Weight loss in obese subjects could reverse type 2 diabetes progression

Type 2 diabetes mellitus (T2DM) is caused by β-cell dysfunction in the endocrine pancreas and insulin resistance. This may be caused by environmental or epigenetic factors. A new paper explains a model of diabetes that centers on the role of obesity in glucose dysregulation.

Study: Modeling the progression of type 2 diabetes with underlying obesity. Image Source: goffkein.pro/Shutterstock


Mathematical models have been used to predict the long-term effects of antidiabetic drug use in different stages of T2DM. However, no model could predict this, given the influence of multiple diabetes-causing factors, such as an obesity-promoting environment.

Existing studies have shown that hyperinsulinemia worsens insulin resistance and vice versaSome scientists claim that beta cells overreact to fat or glucose, producing abnormally high insulin levels. This leads to insulin resistance as a protective mechanism against insulin-induced metabolic stress.

The model reported in the current paper appears in PLOS Computational Biologywhich analyzed the progression of diabetes in relation to multiple diabetogenic factors, including factors that increase diabetes risk in relation to individual obesity thresholds, race and tolerance in relation to factors that promote weight gain above obesity thresholds, and the effect of bariatric surgery on T2DM risk .

What did the research show?

Based on the research gap, the scientists developed a model to examine the effect of high insulin levels on insulin resistance. It will investigate the influence of multiple factors associated with the development of diabetes on beta cell dysfunction.

This general model constructed by the scientists was then narrowed down by specifying the diabetes-related factors associated with obesity. It examines how obesity affects glucose regulation in the body. It predicts changes in glucose and insulin levels over a lifetime in humans, showing how hepatic glucose production, insulin release rates, and the growth of functional beta-cell populations change when exposed to obesity-related diabetes-causing factors.

These long-term trends were shown to correlate well with actual longitudinal data when fitted to a specific population, in this case, Pima Indians.
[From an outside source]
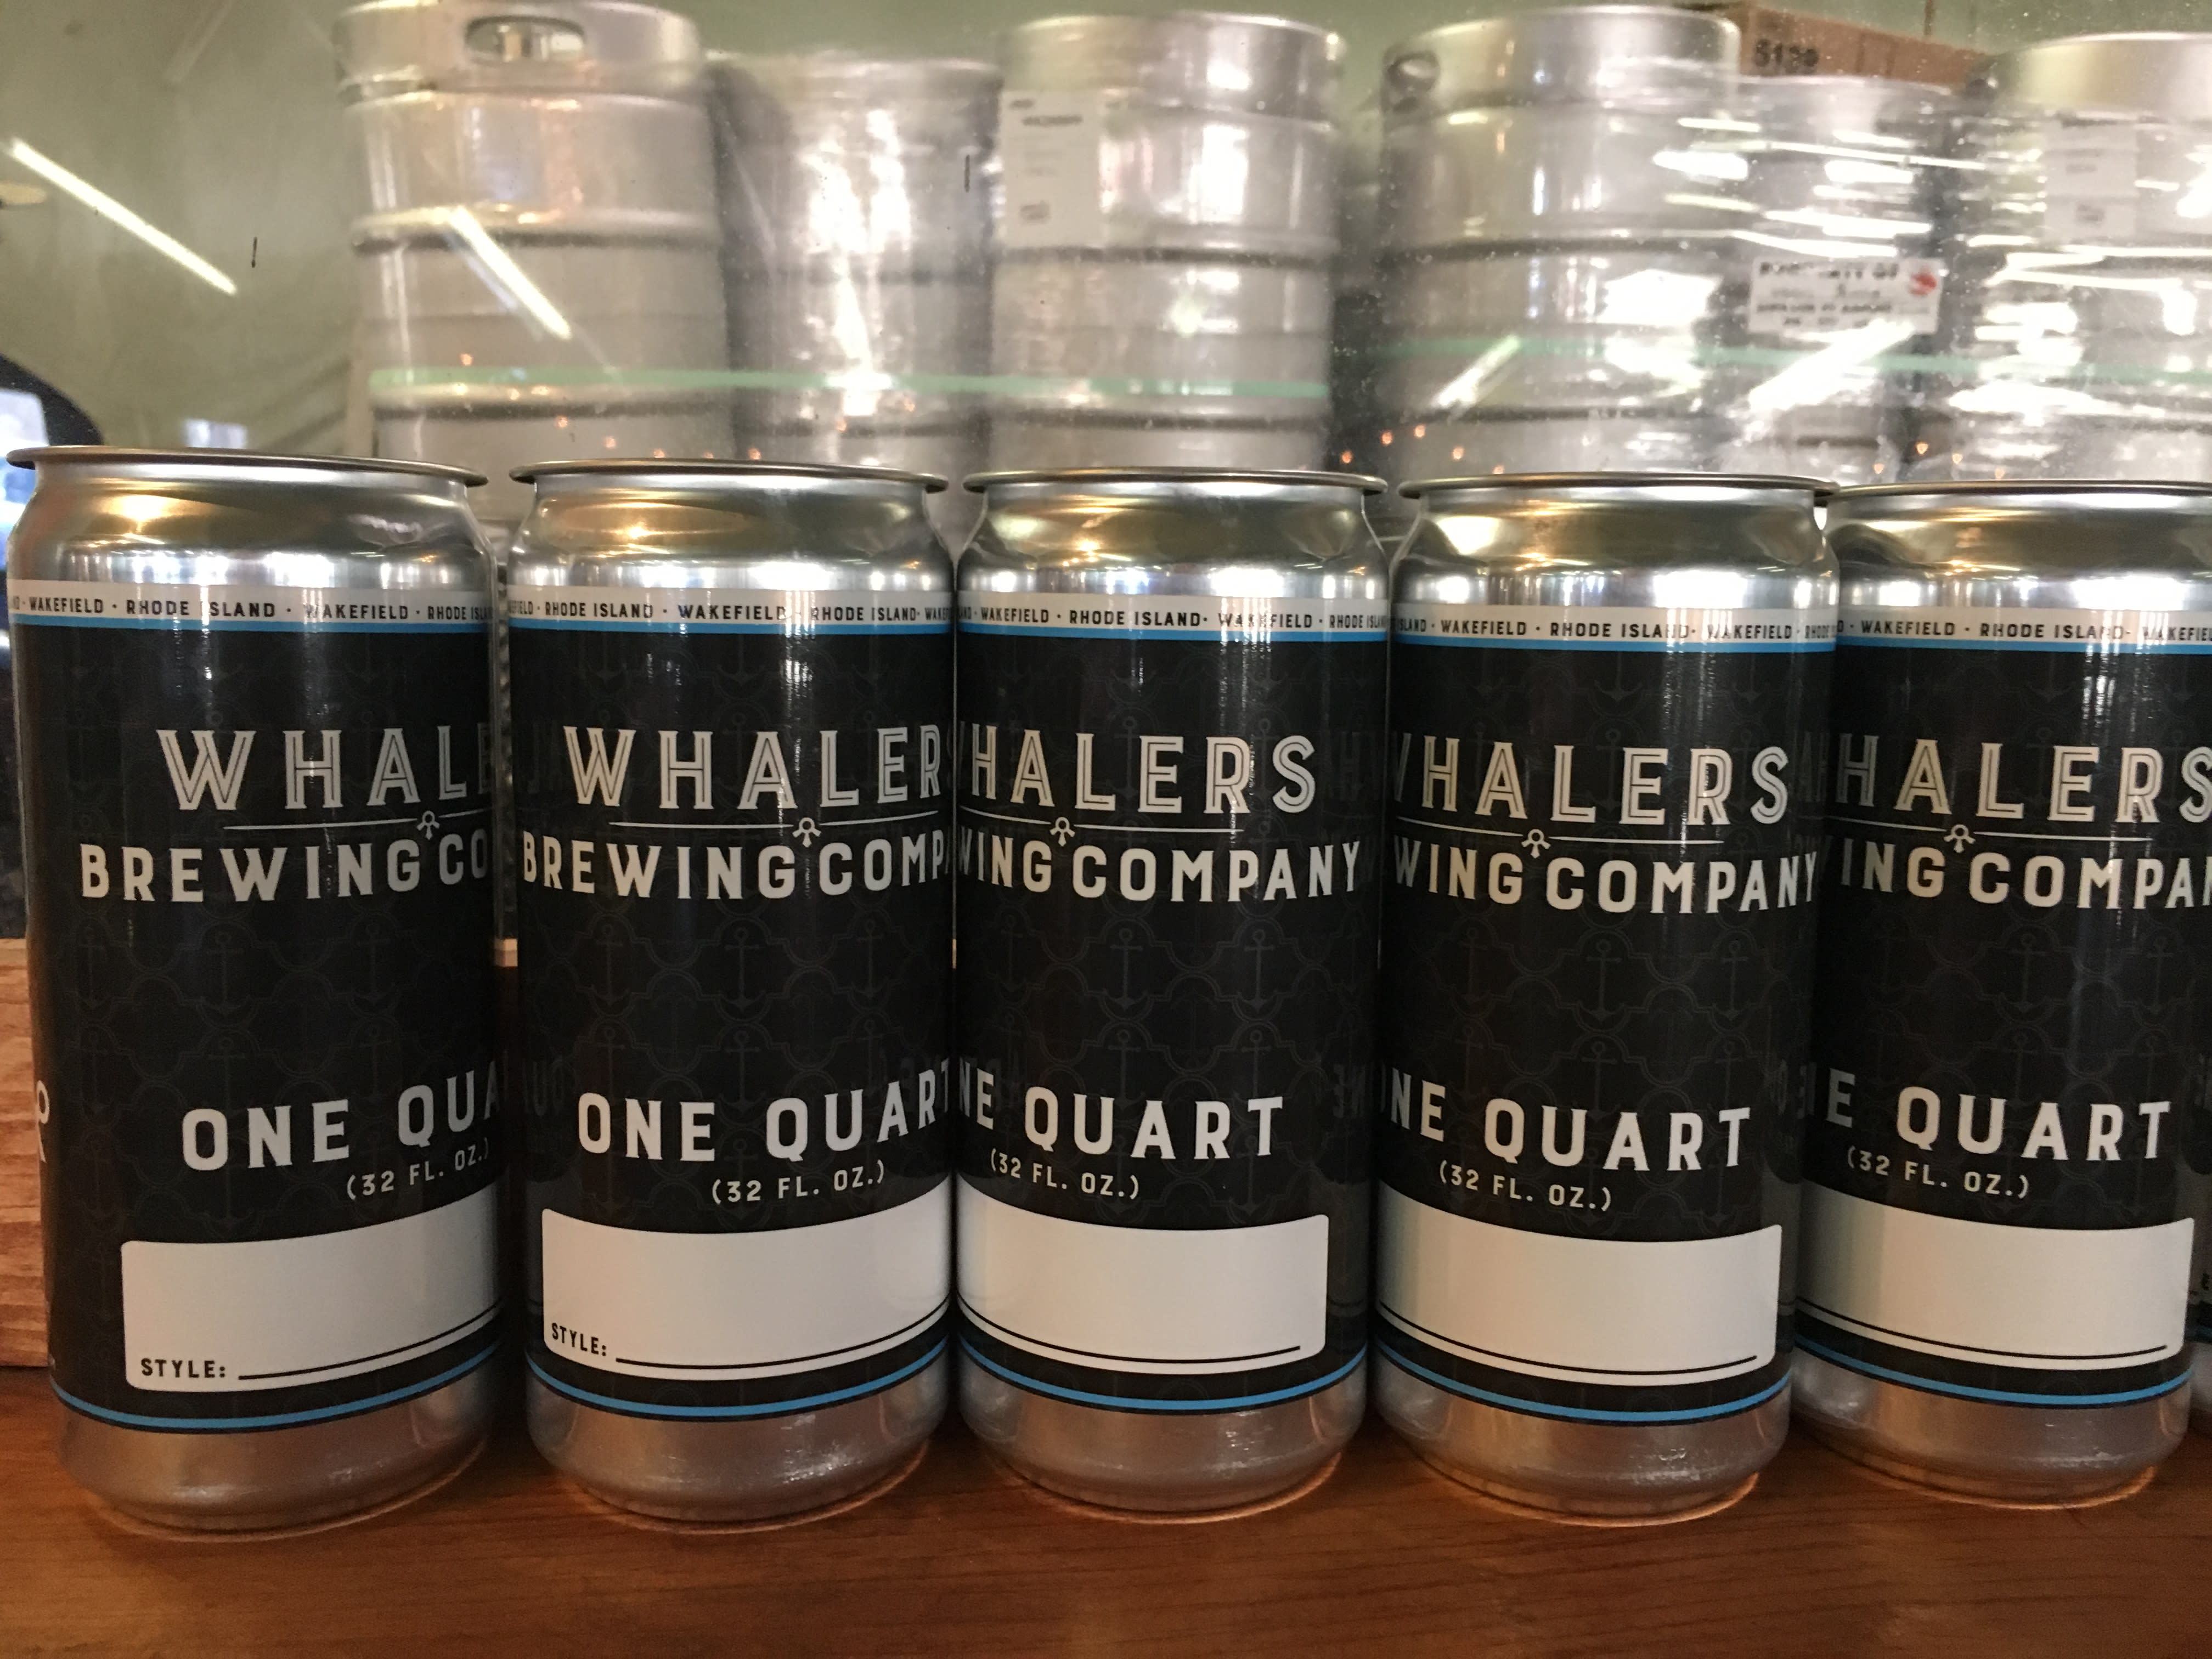 Whaler's Brewing Co.

This group was chosen because of the availability of long-term follow-up data on the long-term changes and direction of glucose concentrations.

The model could distinguish hyperinsulinemic subjects without dysglycemia from those with prediabetes and overt diabetes. In a highly obesity-promoting setting, the mean time to progression to hyperinsulinemia was seven years. Ten years later, diabetes struck.
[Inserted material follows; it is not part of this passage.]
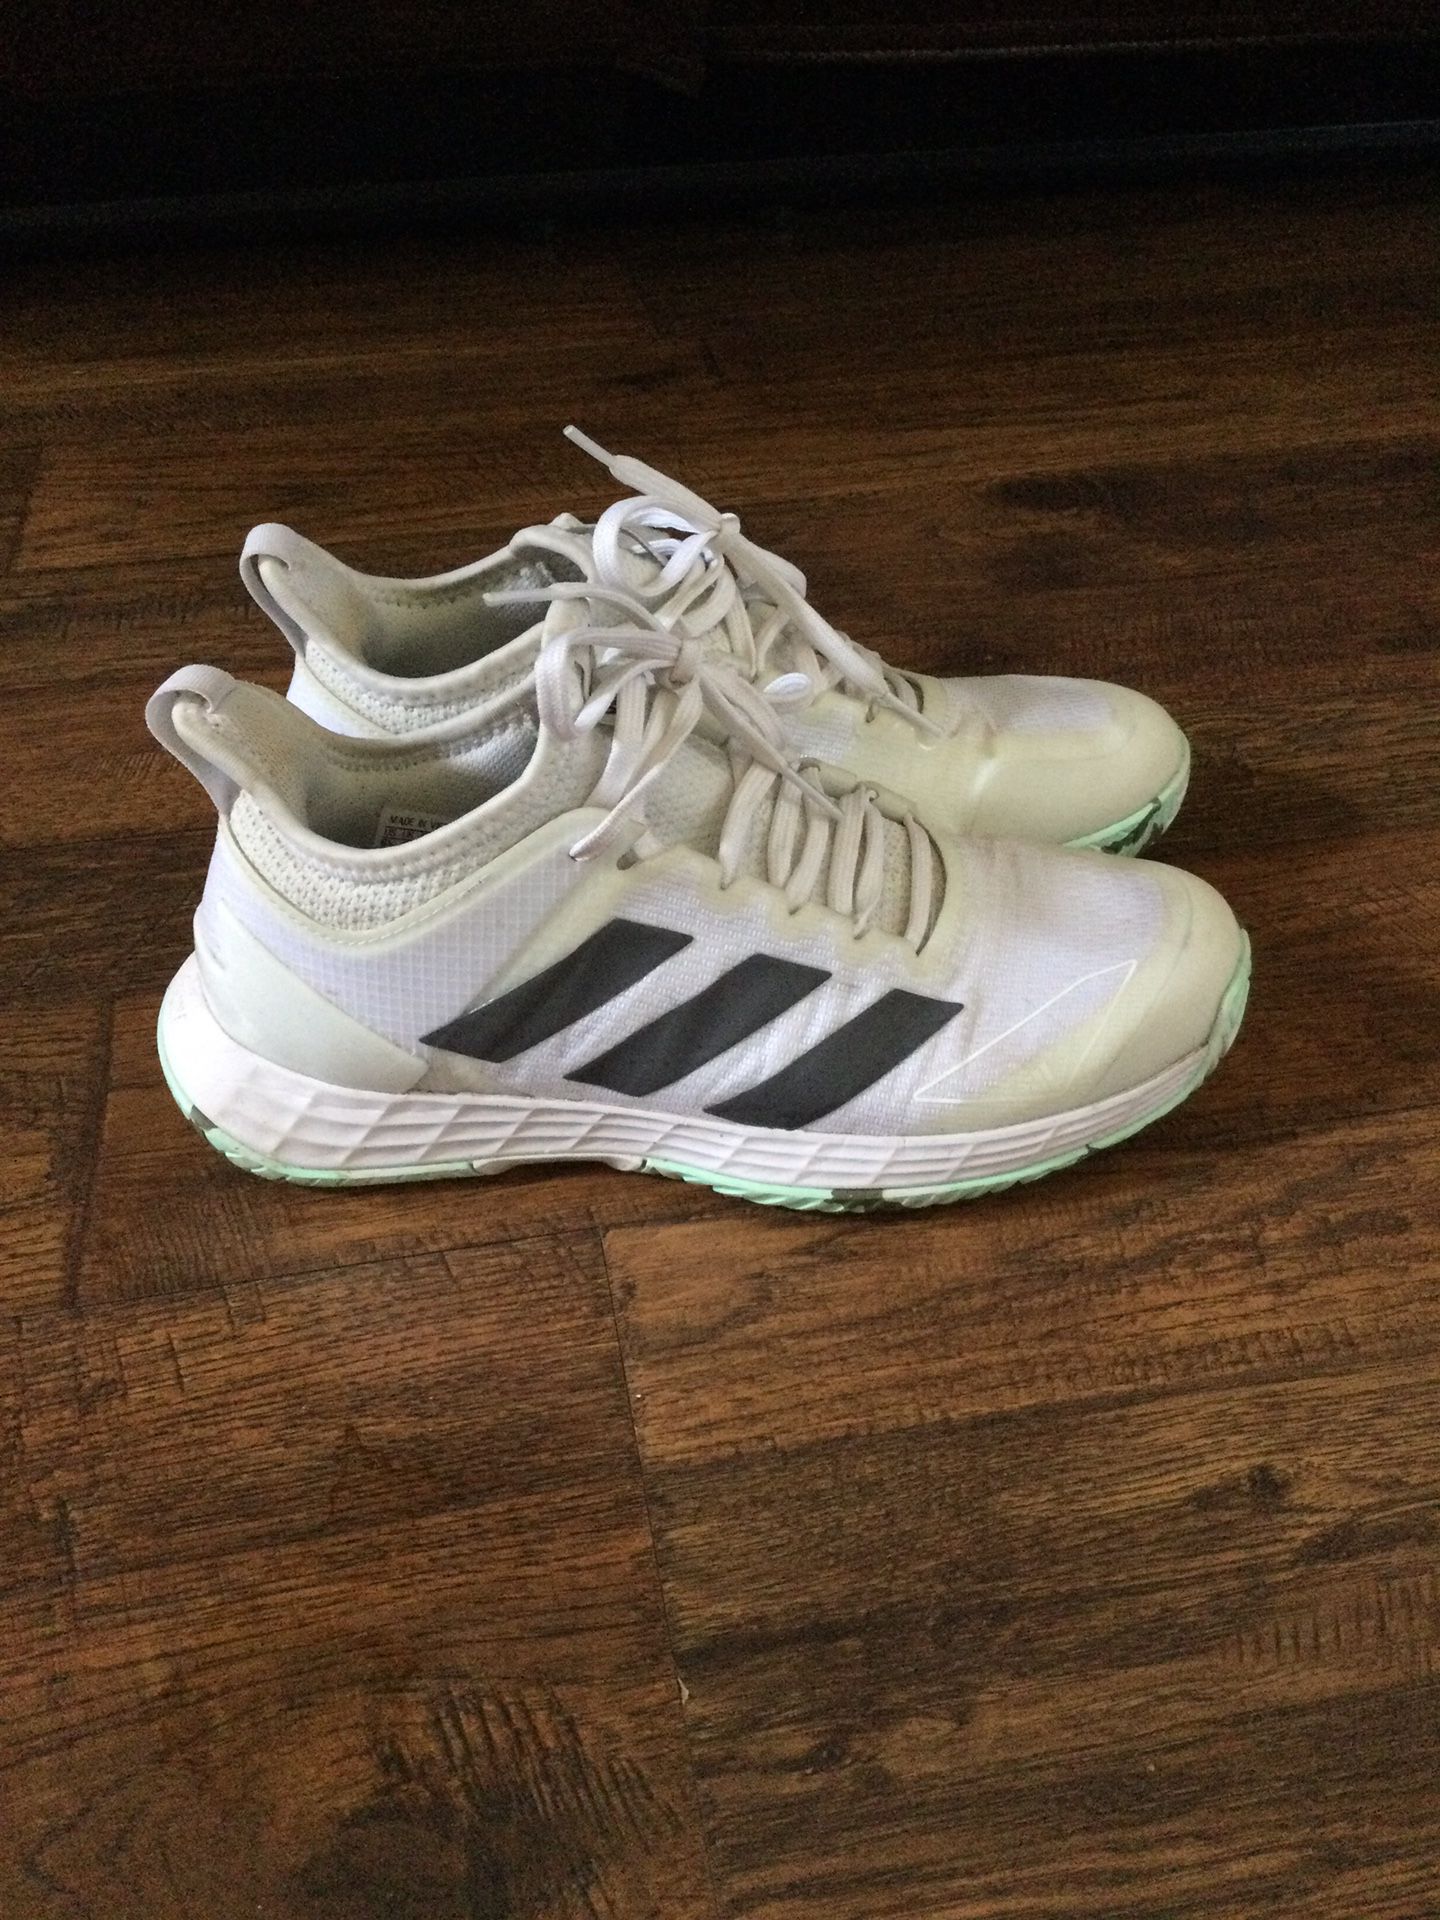 Adidas athletic shoes for women  size 6.5

Over a period of about two decades, beta-cell failure begins to manifest as a drop in insulin levels, with true insulin deficiency developing over time.
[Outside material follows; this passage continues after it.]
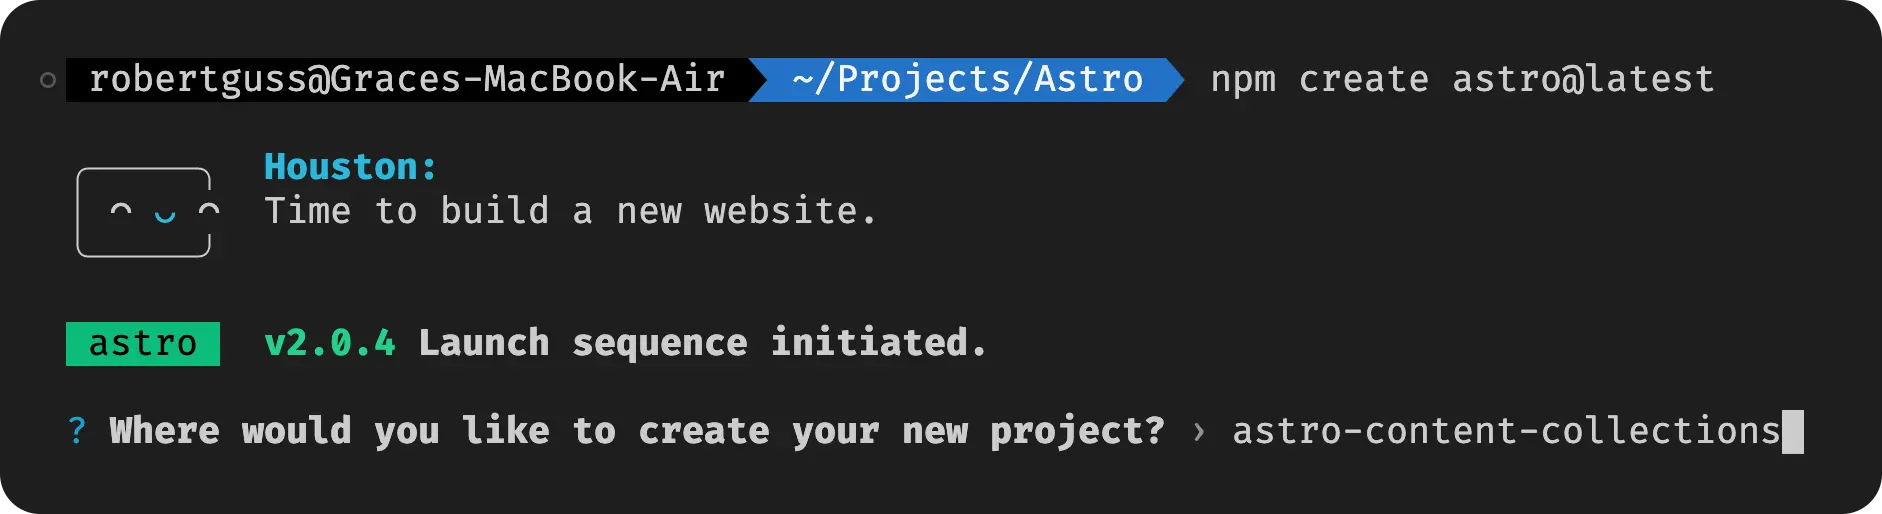 astro-project-name.png

The simulations also showed that the rate and severity of disease progression was significantly reduced when the same individuals were exposed to environments with only mild obesity-inducing risks.

This supports the finding that weight loss in obese patients helps alleviate diabetes

The results confirmed the scientists' guesses. With proper obesity management, T2DM can be reversed or delayed, or at least lessened in severity. This also explains the remarkable effect of bariatric Roux-en-Y surgery, which acts by reducing hepatic gluconeogenesis and reversing β-cell dysfunction, resulting in a rapid and durable return to normoglycemia. The model could help determine the right time and patient for such surgeries for optimal outcomes.

Second, individual-specific differences in levels of β-cell dysfunction and insulin resistance are reflected in changes in T2DM risk. Even with obesity, the person remains euglycemic as long as the diabetes-related factors associated with obesity remain below the threshold. As the threshold is crossed to a greater extent, diabetes begins to progress.

This personalized threshold provides a warning signal of obesity levels, allowing necessary interventions to prevent the onset of diabetes, which may be valuable for clinical decision-making

A concept called Personal Fat Threshold (PFT) is used to create an individualized eating plan for diabetics, using individualized sensitivities to specific types of excess lipids, and the amount of fat stored in the pancreas and liver.

Likewise, ethnic groups with basal hyperinsulinemia can successfully avoid diabetes by reducing exposure to obesogenic factors.

Finally, the scientists investigated the biological mechanisms of several key parameters specified in the model and found to be strongly related to the development of T2DM. Several interesting insights were gained, including improved predicted outcomes when treatments aimed at minimizing the adverse effects of diabetes risk factors on β cells compared to improving the diabetes-promoting environment. That is, beta cells are better able to control glucose levels when protected from harsh environments, rather than when treatment focuses on changing the environment through dietary modifications or exercise.

Likewise, some patients had poorer glycemic control despite increased insulin sensitivity, suggesting that insulin resistance is not the only necessary goal in treating diabetes. Some people rapidly develop severe diabetes after a long period of normal blood sugar. Previously good glucose control over long periods of time was traced to reduced glucose production in the liver, suggesting its importance as a therapeutic and preventive target.

What is the effect?

The research may encourage precise interventions to prevent diabetes and advance individualized patient care

Although used here to understand the progression of diabetes in an obesogenic setting, this model allows for the study of the influence of other factors, such as the effects of thyroid hormone or adrenaline hypersecretion on glucose regulatory systems in vivo.